WOW! Thanks for all the info guys.
You mentioned stuff based on the 68 manual.
So I don’t get myself confused here, I should mention that when I first got the car, it had no engine and no transmission.
My Dad gave me a 455 with a TH400 that came out of a 1972 Grand Prix. Having said that, I’ve referred to a manual that covers the 1972 Grand Prix for engine/transmission/cooling information.
I’ve been referring to a 67 manual for everything else.

The radiator did not use a catch tank and would simply overflow to the ground. The radiator was bad so I decided to replace it and install a catch tank.
I bought a 4-Core High-Efficiency Desert Coolers radiator from Ames performance and found it was manufactured by US Radiator in California (Ames part number p119amh, US Radiator part number 027290aanz).
When I installed the catch tank, I filled the radiator all the way up to the top and added about 4 inches of anti-freeze to the catch tank. Right now, I’m using a 7 lb. cap. I tried a 15 lb. cap and it didn’t make any difference.
If I’m using an overflow catch tank, shouldn’t the radiator be filled all the way to the top?
Should I switch back to 15 lb. cap anyway?


----------



## Goat Roper (Oct 28, 2014)

_If I’m using an overflow catch tank, shouldn’t the radiator be filled all the way to the top?_

No, 2-3 inches from the top is where it should be to allow for expansion.
Yes on the cap, use the 15 lb unit and test it to make sure it really is a 15 lb cap.


----------



## Getyourgoat (Jul 1, 2014)

I will give that a shot.
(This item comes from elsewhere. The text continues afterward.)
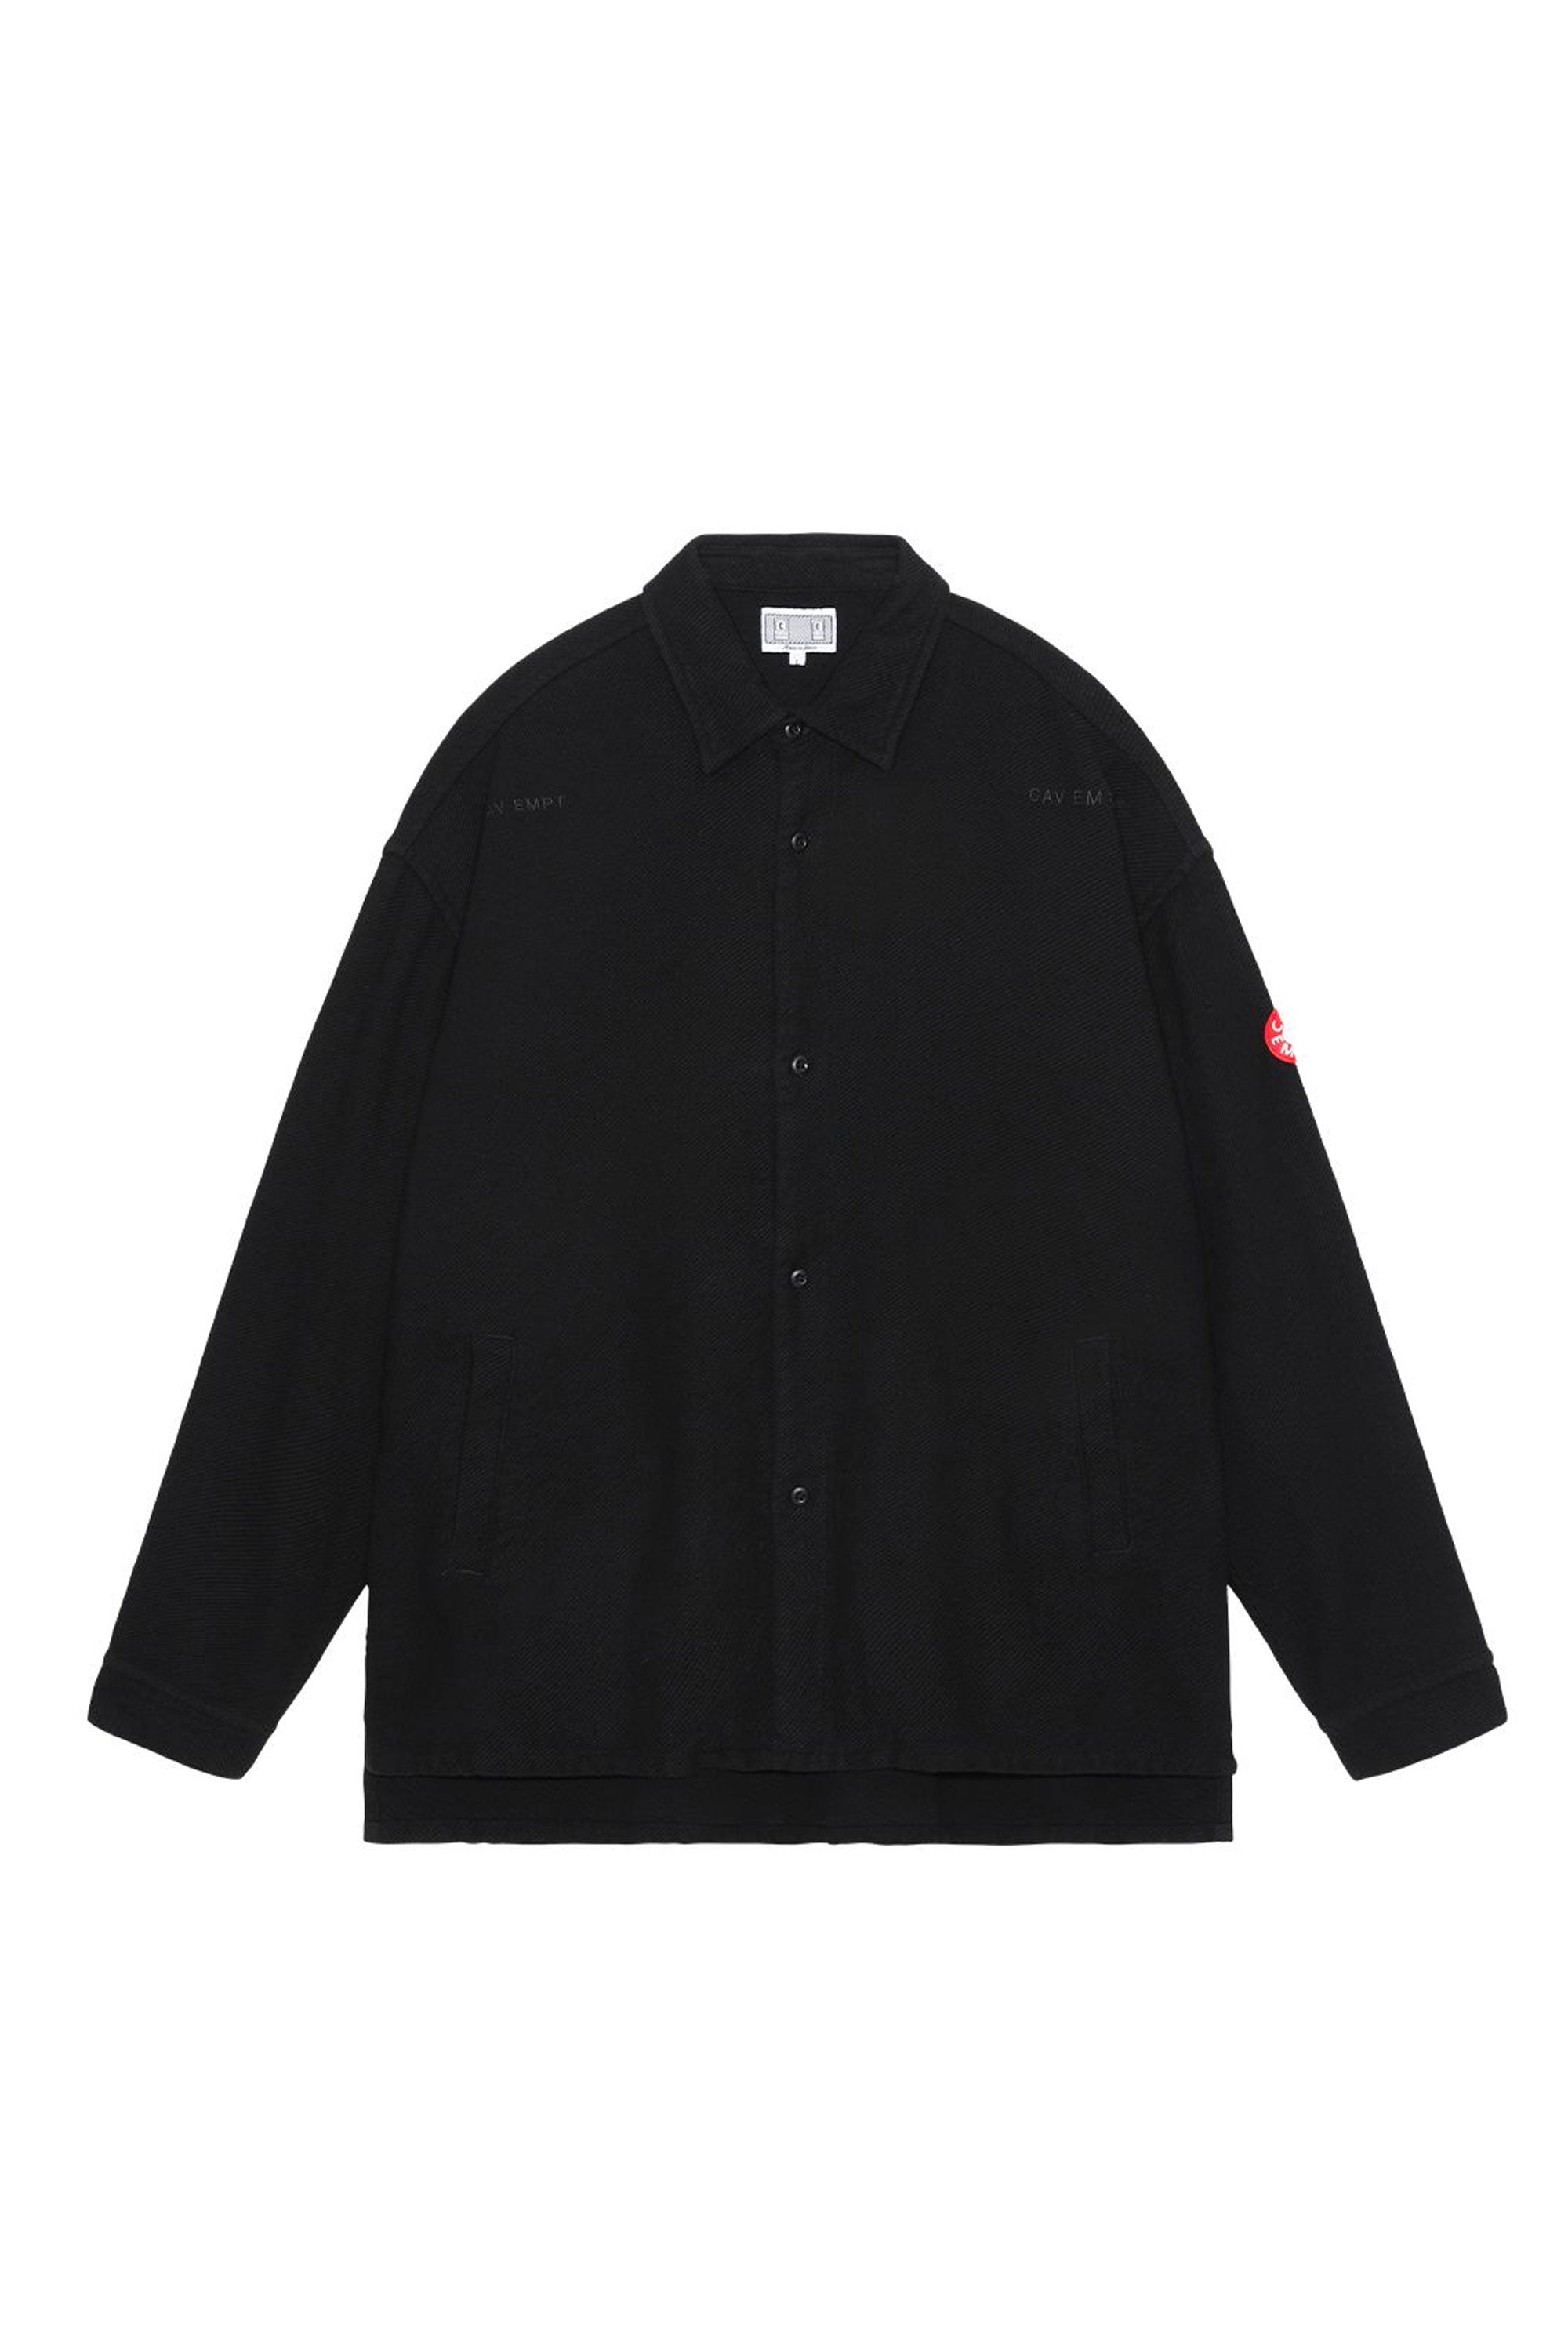 The CAV EMPT - WELT POCKETS BIG SHIRT BLACK available online with global shipping, and in PAM Stores Melbourne and Sydney.

I'm also going to go ahead and replace the clutch fan. But all that's going to have to wait until next weekend. Thanks for the info!


----------



## PontiacJim (Dec 29, 2012)

GYG: "You mentioned stuff based on the 68 manual."

PJ: Yep, just for reference, but gives you an idea of what some things should be as they usually don't change a lot.
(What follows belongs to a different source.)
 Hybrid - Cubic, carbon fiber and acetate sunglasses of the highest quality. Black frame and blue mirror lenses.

GYG:"My Dad gave me a 455 with a TH400 that came out of a 1972 Grand Prix. Having said that, I’ve referred to a manual that covers the 1972 Grand Prix for engine/transmission/cooling information.
I’ve been referring to a 67 manual for everything else.

PJ: OK, that should work. It should answer many of the questions you asked previously about timing, carb settings, radiator cap pressure, fan, etc.. If it doesn't then you are using the wrong book.

GYG:"Right now, I’m using a 7 lb. cap. I tried a 15 lb. cap and it didn’t make any difference.
If I’m using an overflow catch tank, shouldn’t the radiator be filled all the way to the top?
Should I switch back to 15 lb. cap anyway?"

PJ: Have no idea why you would use a 7 lb cap? Your 1972 manual should specifically tell you what pressure cap to use - which my guess is 15 lbs UNLESS the radiator manufacturer says differently. The higher pressure cap raises the boiling point. Running around 185 - 205 degrees should be good. 215 for short periods is OK, but only short periods, not steady driving. Hot outside temps may have an effect on cooling depending on your system. Remember, a 50/50 mix of antifreeze boils at 223 degrees - no radiator cap. With a 7lb cap, boil over occurs around 240 degrees, with 15lb cap, about 260 degrees. The difference in your engine running at 230 degrees with a 7lb cap and 230 with a 15lb cap, is that the boil-over point has been raised by using the 15lb cap which will keep coolant in the system and not dump it into the catch can. 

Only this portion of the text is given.